+++ Records provided +++
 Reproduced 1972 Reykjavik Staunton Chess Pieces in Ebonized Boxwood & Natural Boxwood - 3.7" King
+++
+++ Records provided +++
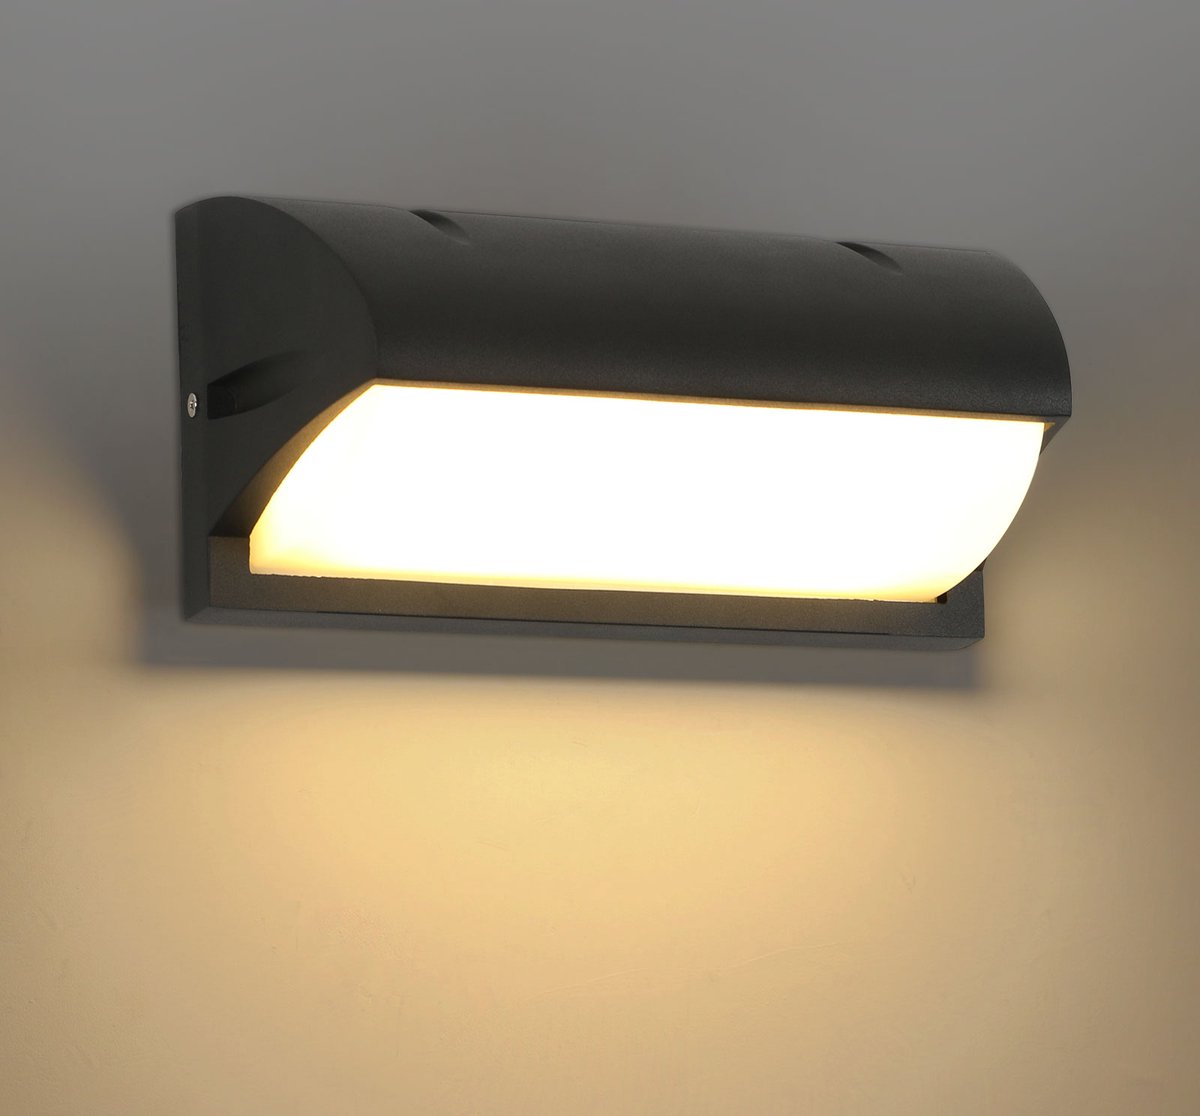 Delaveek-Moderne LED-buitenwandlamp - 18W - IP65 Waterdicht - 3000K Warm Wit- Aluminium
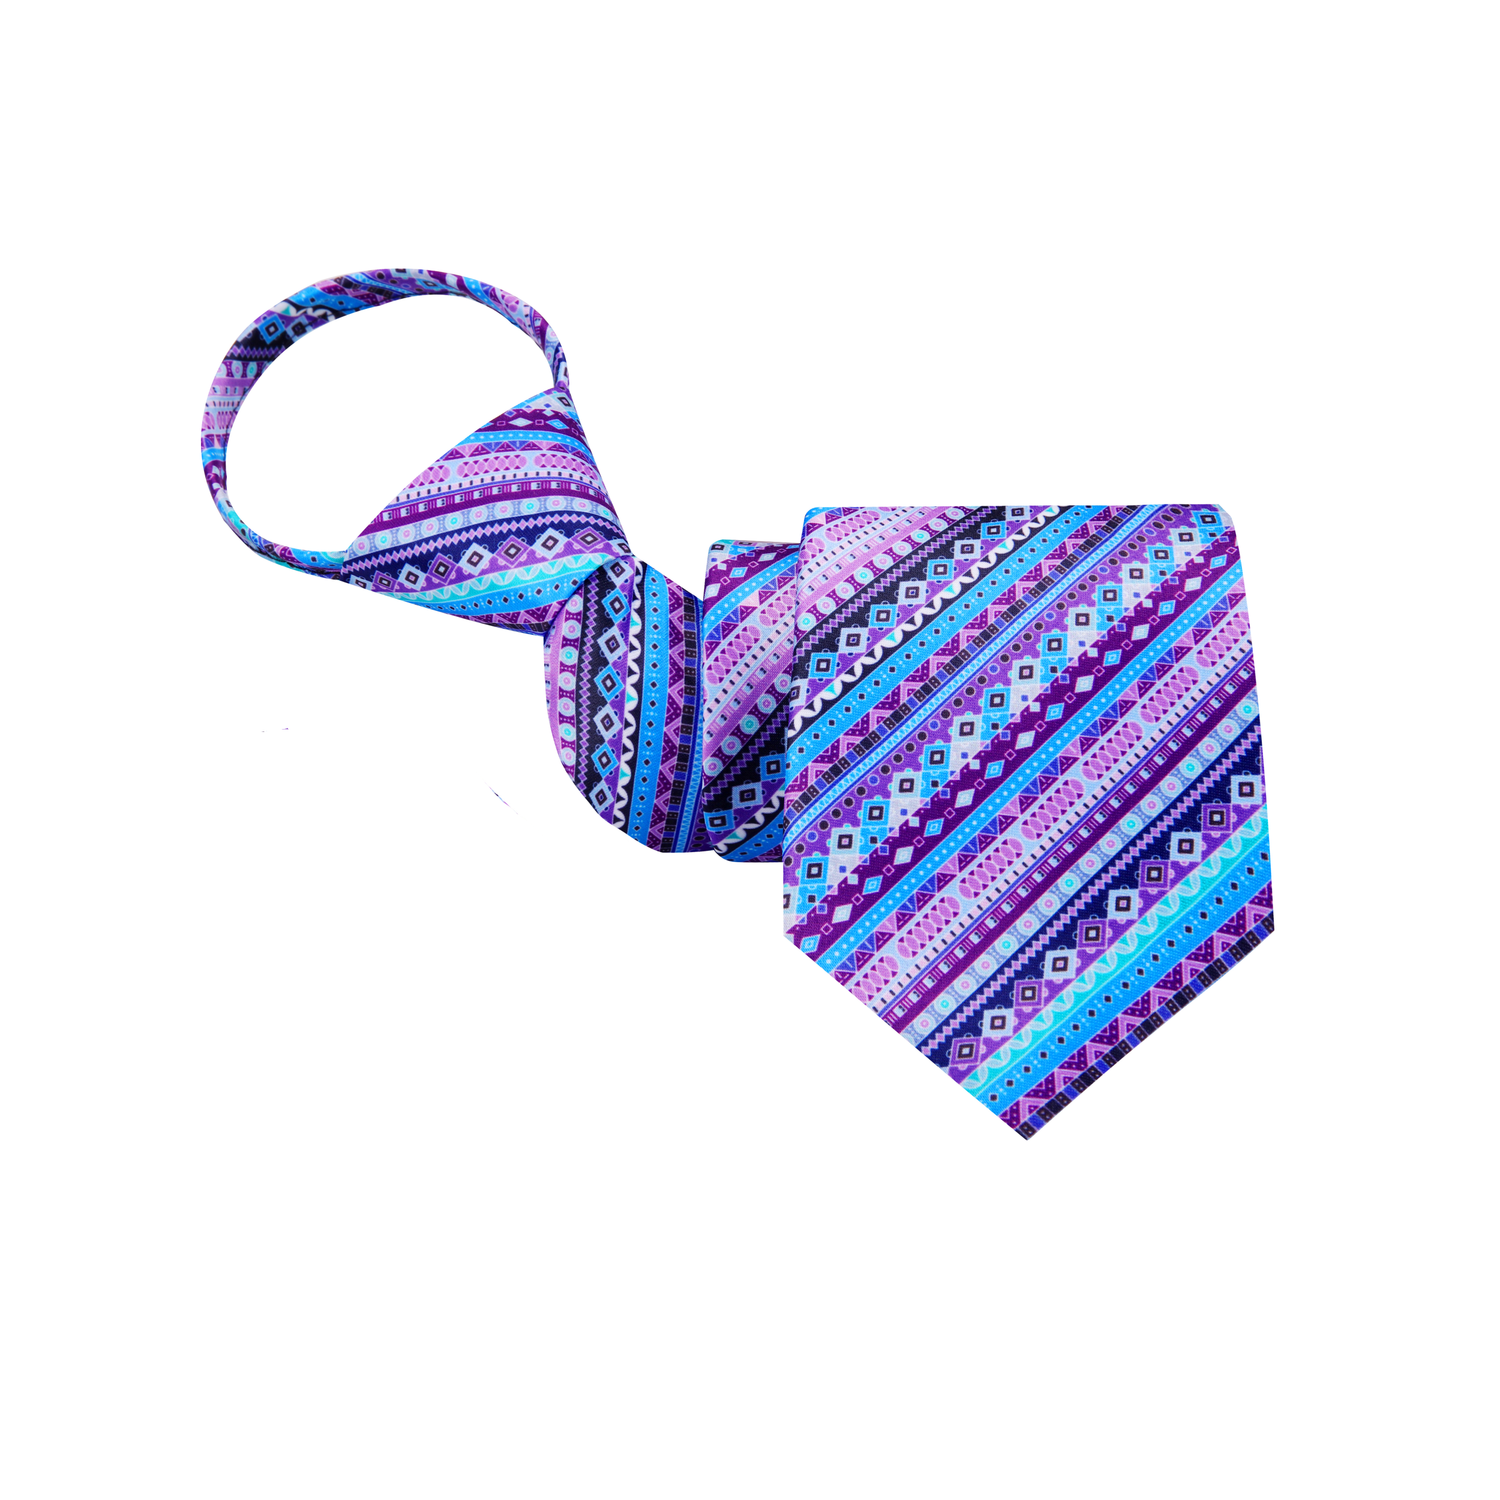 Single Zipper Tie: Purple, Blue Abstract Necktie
+++
+++ Records provided +++
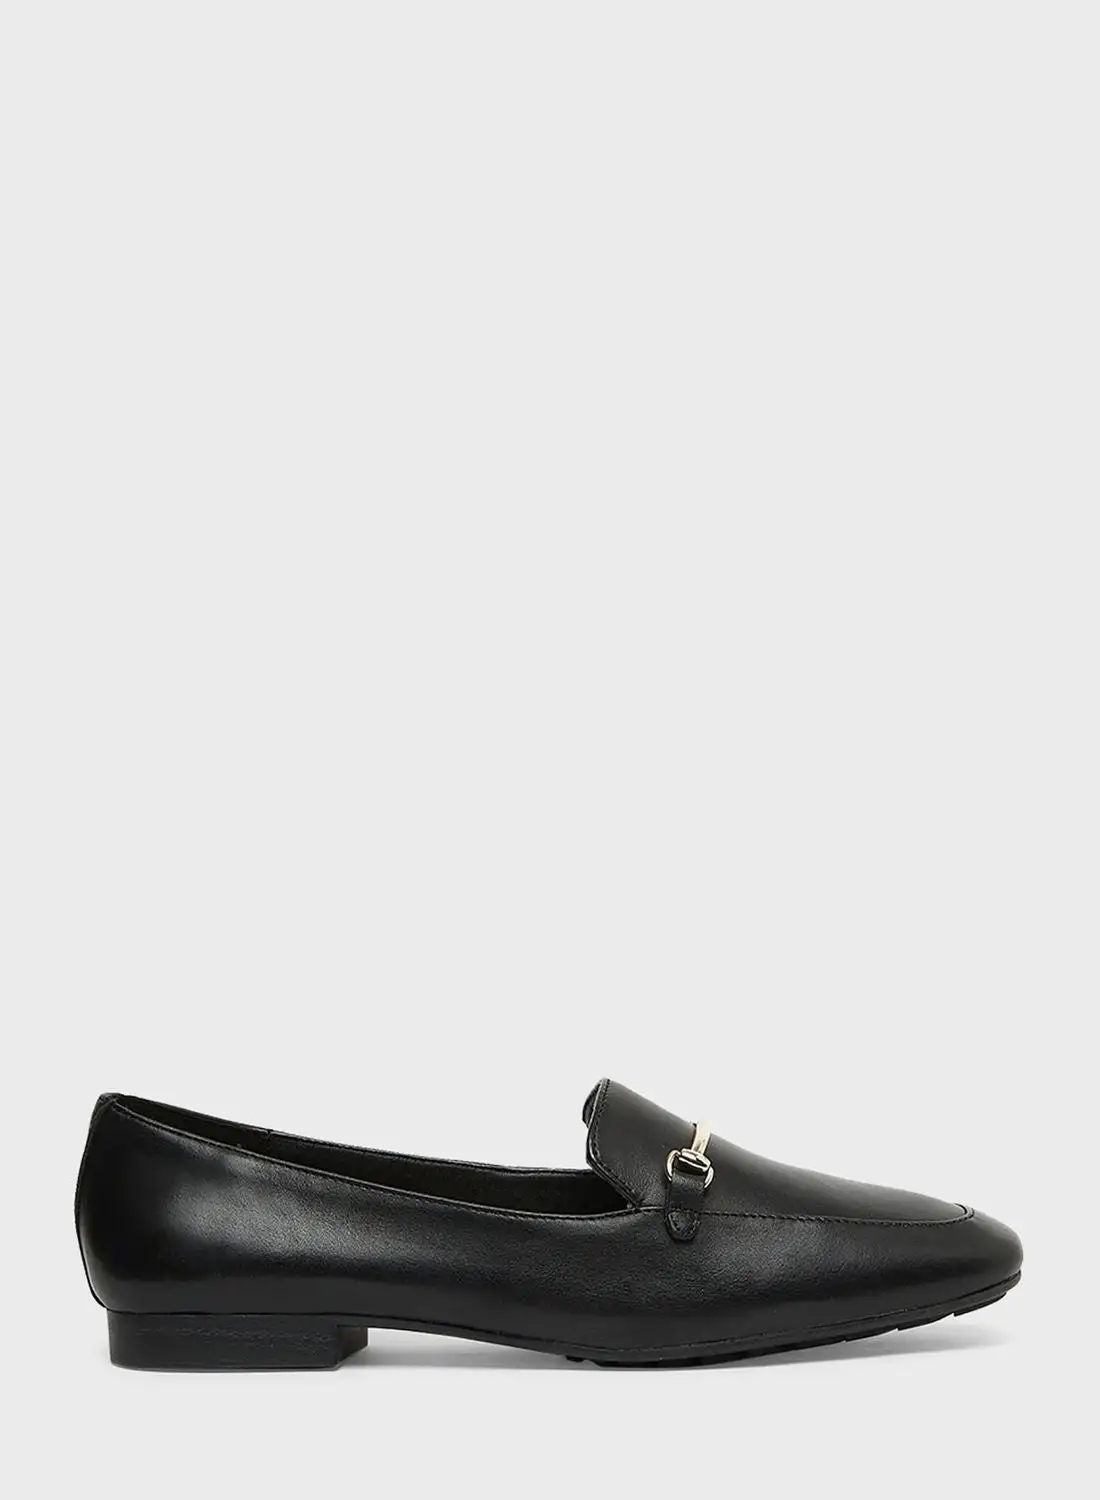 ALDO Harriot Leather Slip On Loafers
+++
#### What you are asked to do
Nothing but the lines from the one with "Delaveek-Moderne LED-buitenwandlamp - 18W" to the one with "Single Zipper Tie: Purple, Blue" above, both included, should be transcribed, exactly and without pictures.

#### Written answer
 Delaveek-Moderne LED-buitenwandlamp - 18W - IP65 Waterdicht - 3000K Warm Wit- Aluminium
 Single Zipper Tie: Purple, Blue Abstract Necktie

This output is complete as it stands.